Refinery crude runs dropped by 209,000 barrels per day (bpd), API data showed, implying a drop in demand for feedstock crude.
Data on the website of the Energy and Mineral Resources Ministry indicated, Thursday, that the OPEC has succeeded in trimming oil production by 1.8 million barrels per day since 2016. USA data released Wednesday showing crude stockpiles at their highest level in about two months "was a bit of a disappointment".
Oil cartel Opec will hold a dinner on Monday in Houston with U.S. shale firms, the latest sign of the producer group widening talks about how best to tame a global oil glut.
Fawad said the market has been ignoring "good compliance with the production cuts by OPEC and non-OPEC countries".

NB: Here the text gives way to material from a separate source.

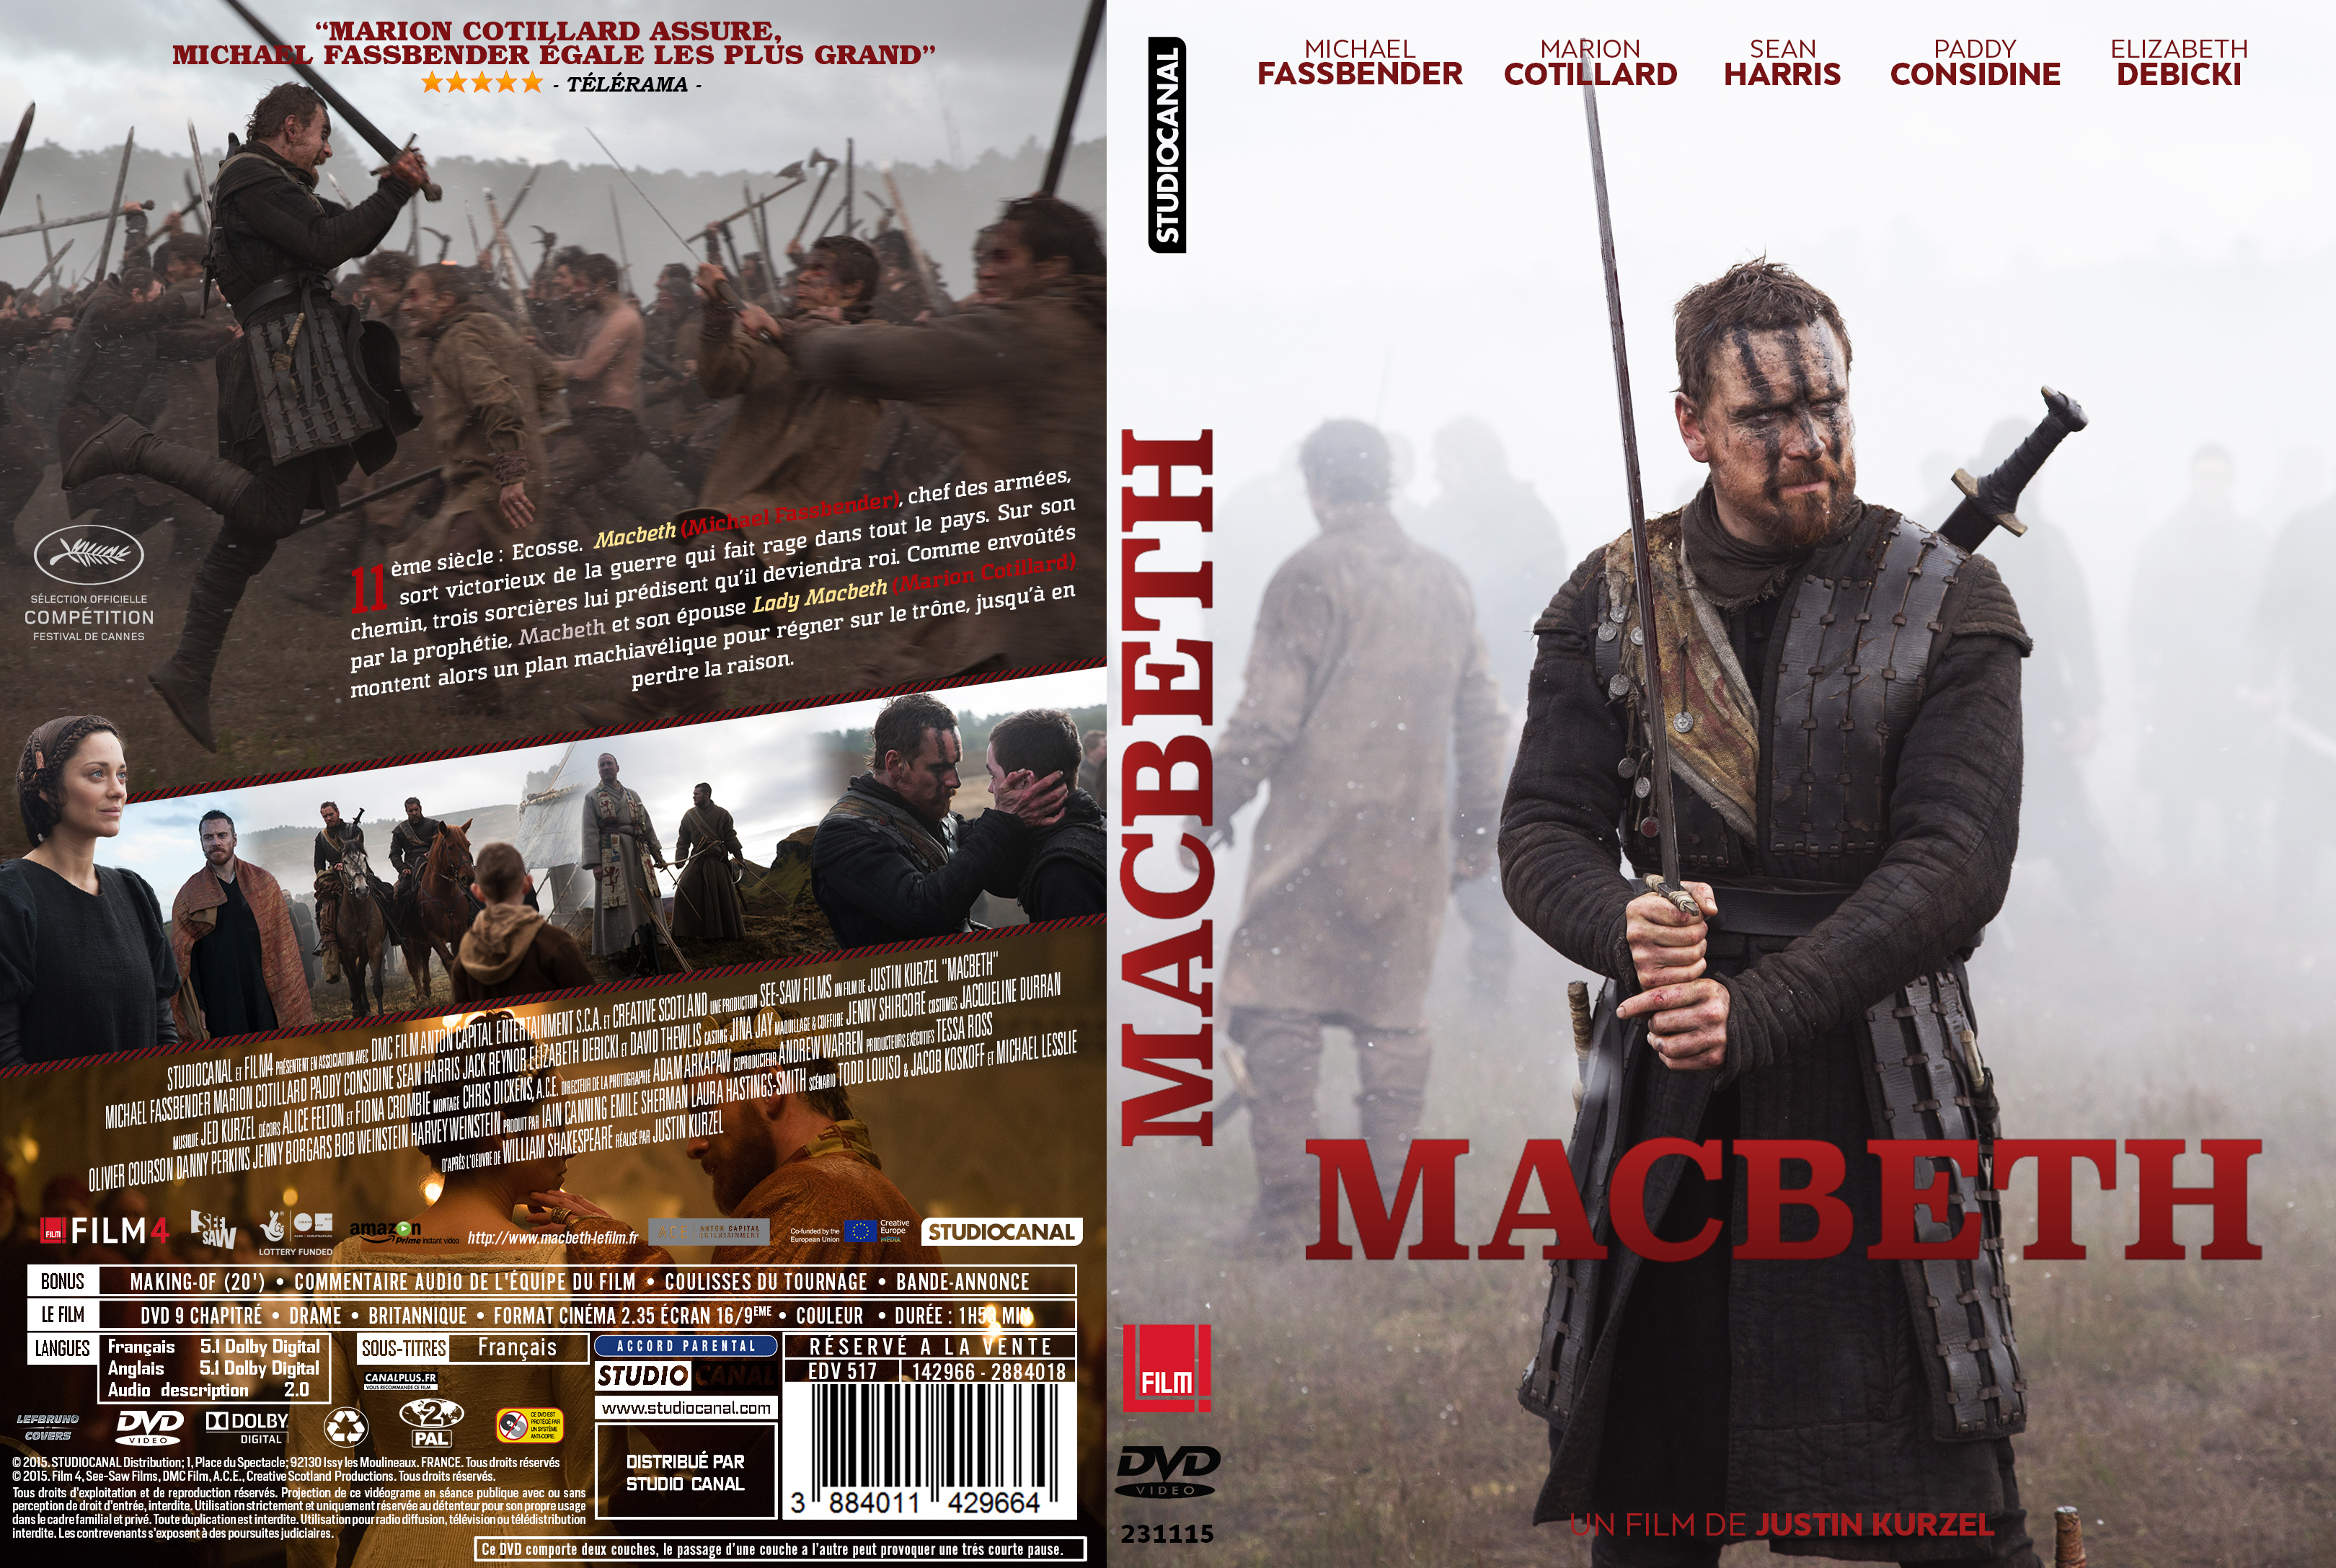 Jaquette DVD Macbeth (2015) custom v2

"The rise in total US commercial stocks coupled with a new high in domestic crude production made for a soft backdrop", Stephen Brennock, analyst at London brokerage PVM Oil Associates, said in a note.
On Tuesday, International Energy Agency Executive Director Fatih Birol said the United States will likely overtake Russian Federation as the world's biggest oil producer by 2019.
A day after the American Petroleum Institute gave oil bulls a cold shower by reporting a 933,000-barrel build in crude oil inventories on top of a gasoline build, the Energy Information Administration deepened the gloom by reporting a 3-million-barrel build for the week to February 23.